VX-01 (Vantage Biosciences) is an orally administered small-molecule therapy designed to target amine oxidase copper-containing 3, which drives neovascular inflammation in NPDR.¹⁵ The phase 2 trial (NCT06770933) is evaluating the efficacy of daily doses of VX-01 versus placebo after 52 weeks.

GENE THERAPIES

ABBV-RGX-314 (Abbvie/Regenxbio) is a one-time gene therapy that uses a transgene to produce an anti-VEGF antibody fragment. Two phase 2 trials—ALTITUDE (NCT04567550) and ELAAVATE (NCT06942520)—are evaluating suprachoroidal and subretinal administration, respectively, in patients with DR and DME. Preliminary 1-year results from ALTITUDE show that the treatment was well tolerated, slowed disease progression, and reduced vision-threatening events in patients with NPDR.¹⁶

4D-150 (4D Molecular Therapeutics) is an intravitreal injection that delivers two transgenes encoding aflibercept and an miRNA sequence targeting VEGF-C.¹⁷ In the phase 2 SPECTRA trial (NCT05930561), patients who received the 3E10 vg/eye dose gained a BCVA of 9.7 letters and had a reduction in CST of 174 μm at 60 weeks.
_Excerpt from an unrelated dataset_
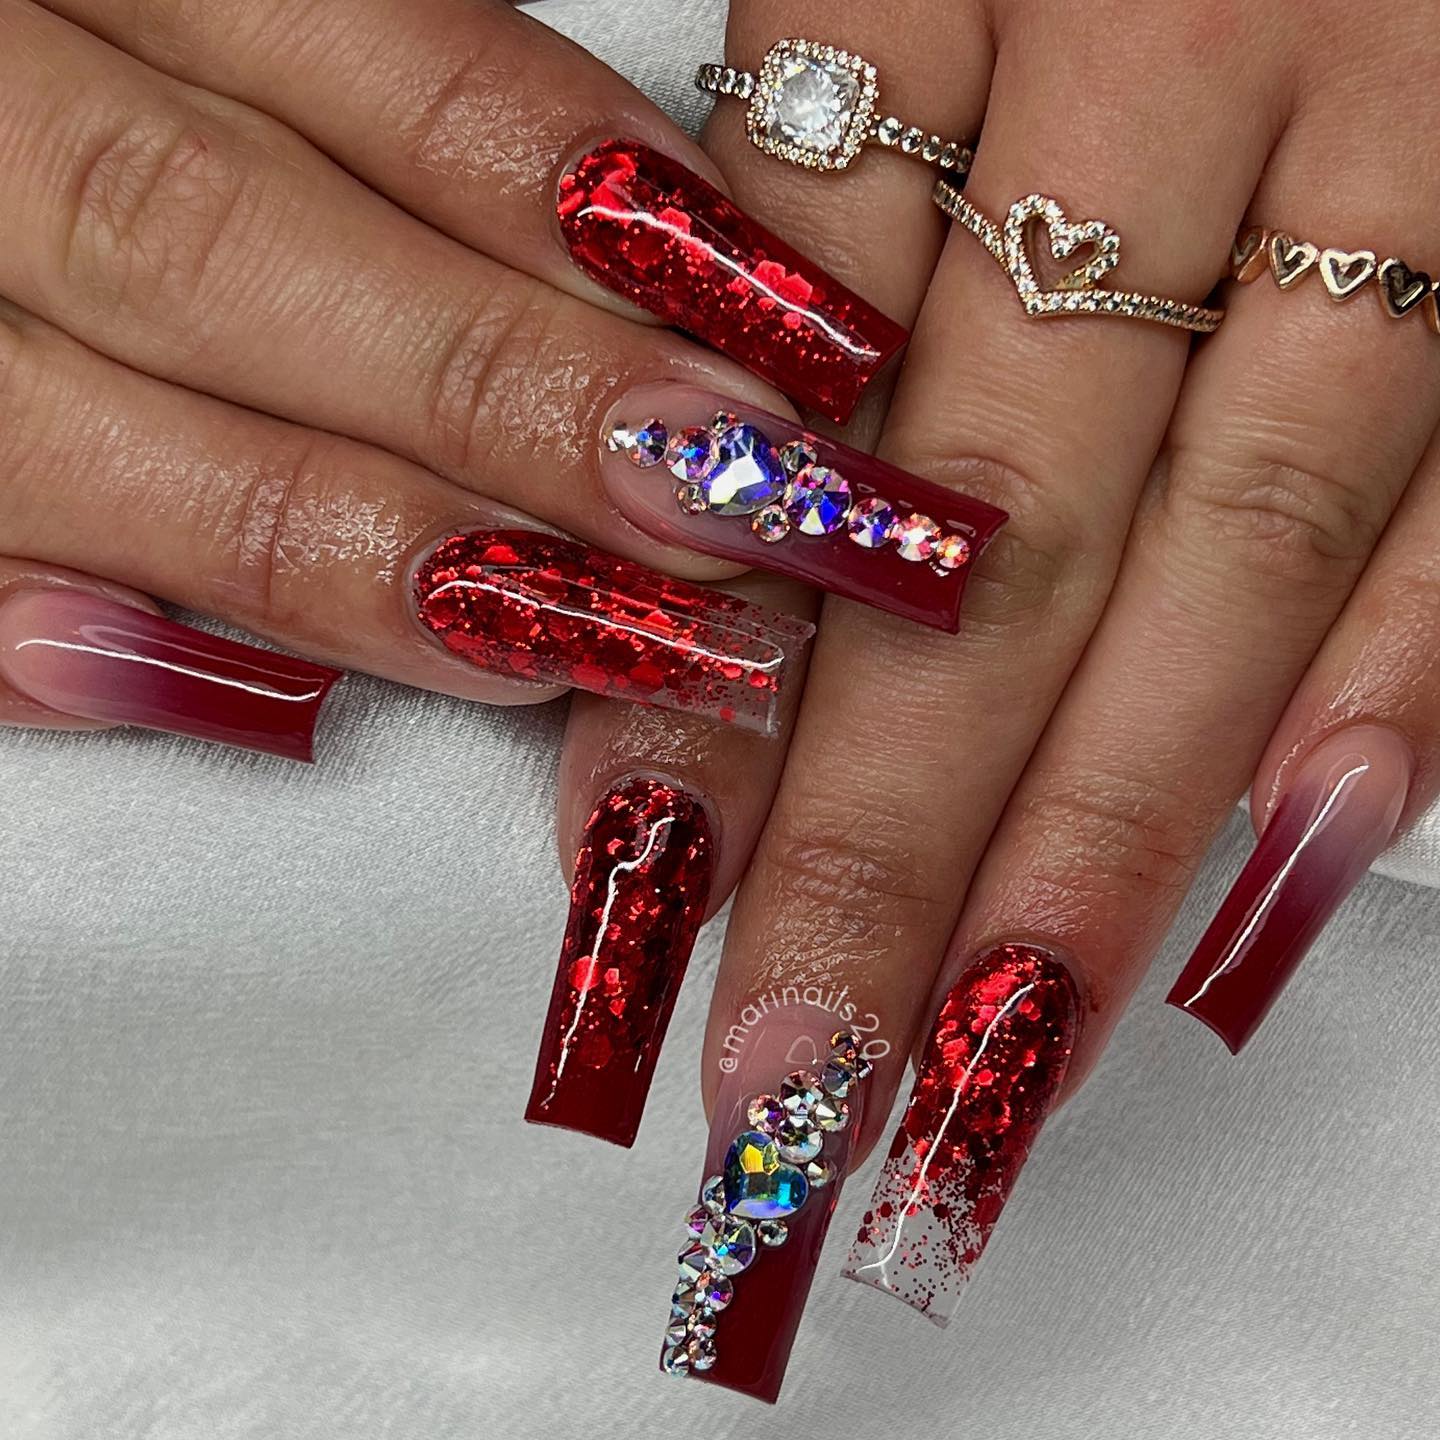 Orange - red ombré nail designs with 3 D flowers 🌸  𝒫𝓇𝑜𝒻𝑒𝓈𝓈𝒾𝑜𝓃𝒶𝓁 𝒩𝒶𝒾𝓁 𝒞𝒶𝓇𝑒... | Instagram

These patients also required fewer supplemental injections compared with those who received lower doses of 4D-150 or aflibercept injections.¹⁸ The FDA and European Medicines Agency agreed that a single phase 3 trial, based on data from the SPECTRA, PRISM, and upcoming 4FRONT trials, is sufficient for submitting a Biologics License Application and a Marketing Authorization Application, respectively, for 4D-150 in DME.¹⁸

A DIVERSE PIPELINE TO WATCH

Beyond the therapies highlighted here, several novel drugs are in phase 1, including: RO7497372 (Genentech/Roche), OCU200 (Ocugen), AIV007 (AiViva BioPharma), K9 (Inflammasome Therapeutics), and octreotide.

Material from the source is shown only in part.